Difference between V2 and V3 is essentially the steam arm - has a different tip and rotates on a ball joint giving more options.


----------



## Mrboots2u (May 10, 2013)

The Systemic Kid said:


> There is a new version being dubbed the V4 (not sure if it's available yet) - has a redesigned boiler where the element isn't welded into it making replacement cheaper should it need it.
> 
> Difference between V2 and V3 is essentially the steam arm - has a different tip and rotates on a ball joint giving more options.


I bet v4 means price increase


----------



## Daren (Jan 16, 2012)

The Systemic Kid said:


> Difference between V2 and V3 is essentially the steam arm - has a different tip and rotates on a ball joint giving more options.


I think it can be simply retrofitted - it makes the v2 machine a good option for the right price.


----------



## Mrboots2u (May 10, 2013)

Please re consider buying a new Rocky grinder though


----------



## jonny11 (Apr 21, 2014)

Mrboots2u said:


> Please re consider buying a new Rocky grinder though


why is that? you don't simply like a NEW rocky grinder or this grinder isn't good at all?


----------



## Mrboots2u (May 10, 2013)

How much are they new now ? It's stepped as opposed to stepless , there are better new grinders that aren't stepped , such as a mignion for example . There have been a few second hand rockys gone for under £100 recently on here also .

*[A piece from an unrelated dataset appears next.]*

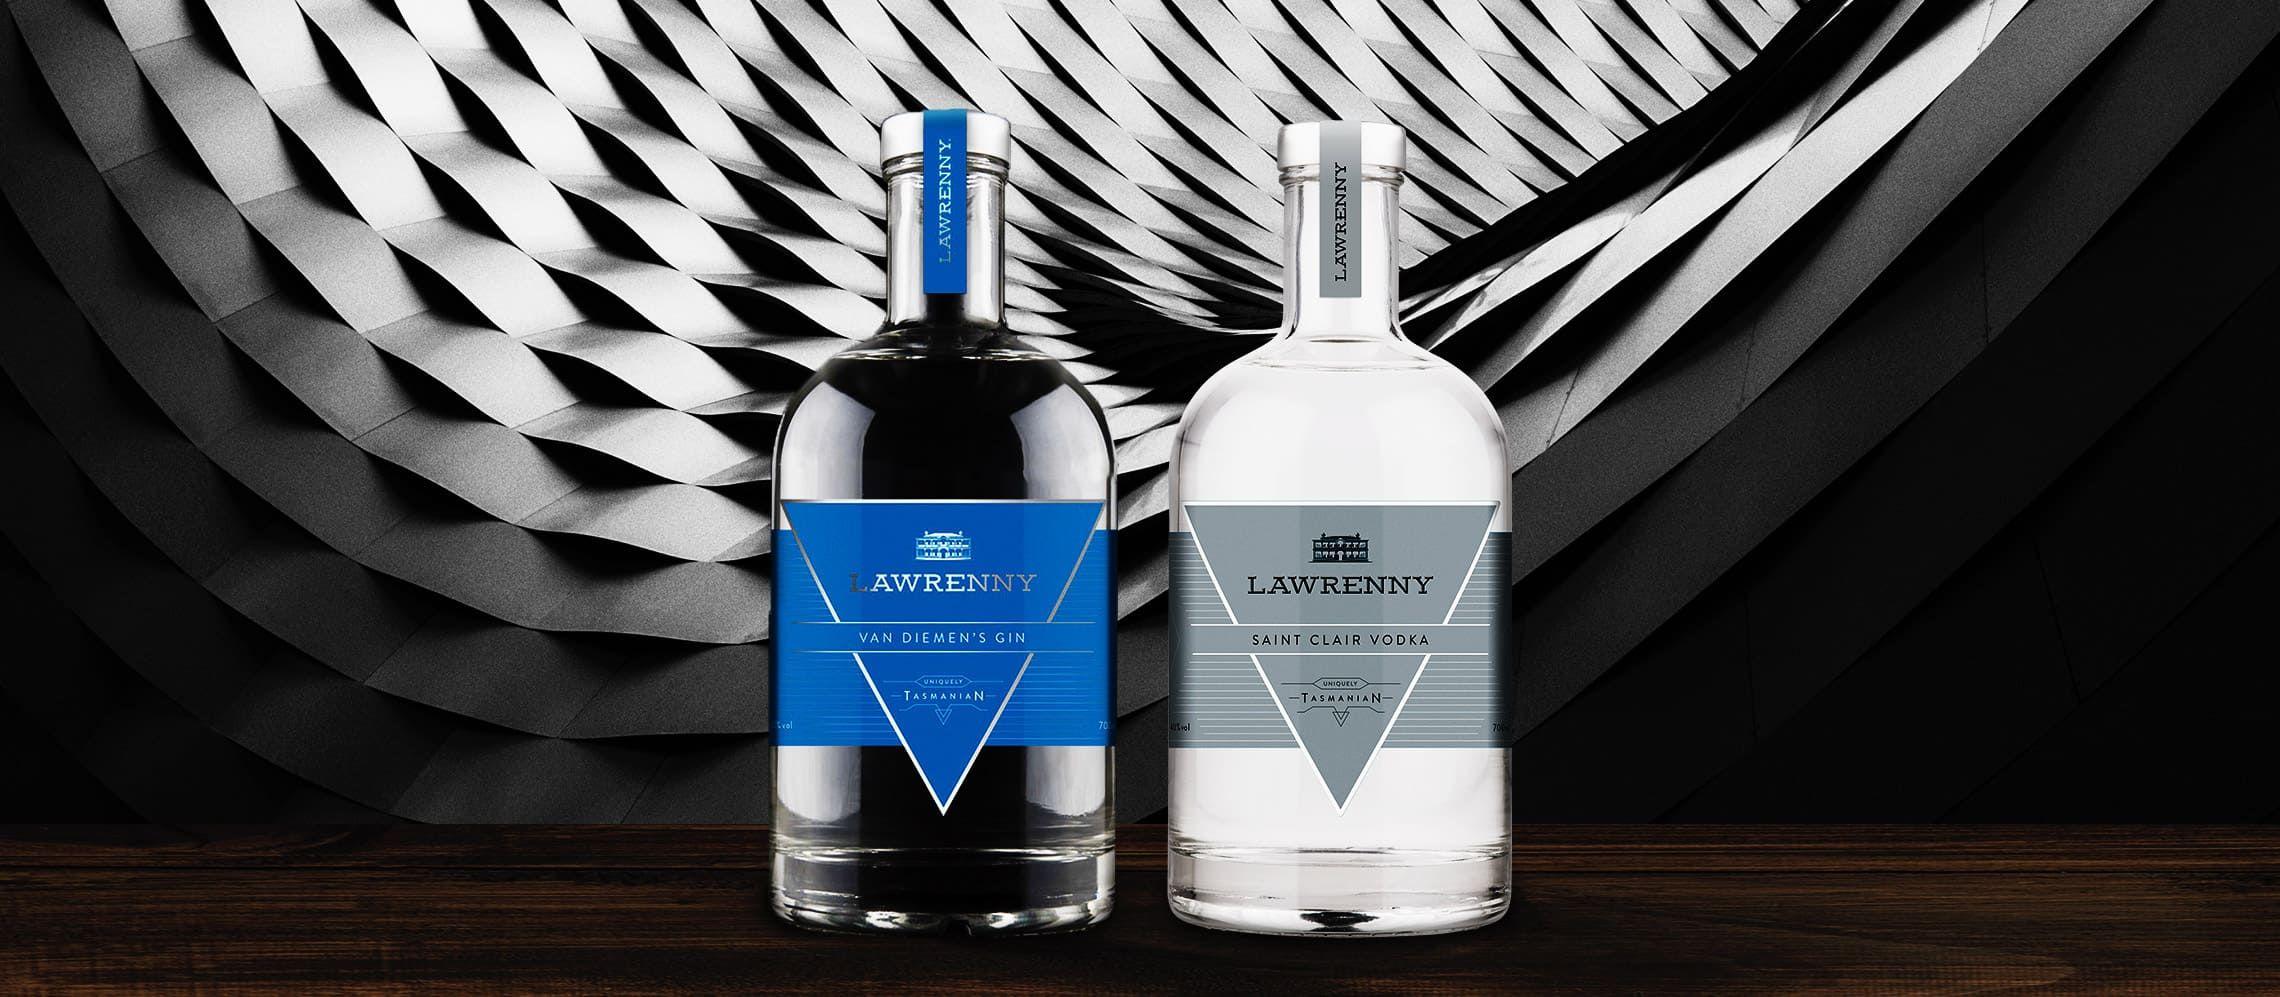 Photo for: Tasmanian Pride Lawrenny Estate Distillery Awarded

Grind quality super important ,what it is about the rocky that draws you to it ?


----------



## CallumT (Aug 23, 2013)

Will post the Silvia for £250. Its had a new gasket, will come with spare one also. New boiler has been fitted which are £100. Comes with a bottomless portafilte. I will take a couple of photos and post them on soon.


----------



## Daren (Jan 16, 2012)

jonny11 said:


> why is that? you don't simply like a NEW rocky grinder or this grinder isn't good at all?


Speaking from experience (I had the Rocky Doser model - latest design) I can verify there are much more capable grinders at similar price points. If your prepared to consider second hand then your in a whole new league.

Crap in/Crap out can't be truer when making coffee. Don't let a poor grinder hold you back and take some advice off people who have made the same mistakes.


----------



## jonny11 (Apr 21, 2014)

CallumT said:


> Will post the Silvia for £250. Its had a new gasket, will come with spare one also. New boiler has been fitted which are £100. Comes with a bottomless portafilte. I will take a couple of photos and post them on soon.


thanks for the reply Callum - will keep my eyes on the sale forum. Just a quick newbiew question (apologies because I am quite new to this machine) - are all those refurbished parts the authentic ones from Rancilio?


----------



## CallumT (Aug 23, 2013)

This is a snap of the machine










And the referb was all done by Dave (coffeechap)


----------



## cracked_bean (Apr 13, 2014)

Was looking for a Silvia, not going to snipe this one but would be lying if I didn't think you were getting a great deal!


----------



## jonny11 (Apr 21, 2014)

CallumT said:


> This is a snap of the machine
> 
> 
> 
> ...


Hi callum, been waiting for this machine all day today.

I've now PM you for some questions about this machine before making a purchase. Please check your inbox. thanks


----------



## coffeechap (Apr 5, 2012)

All the parts are genuine rancilio parts.


----------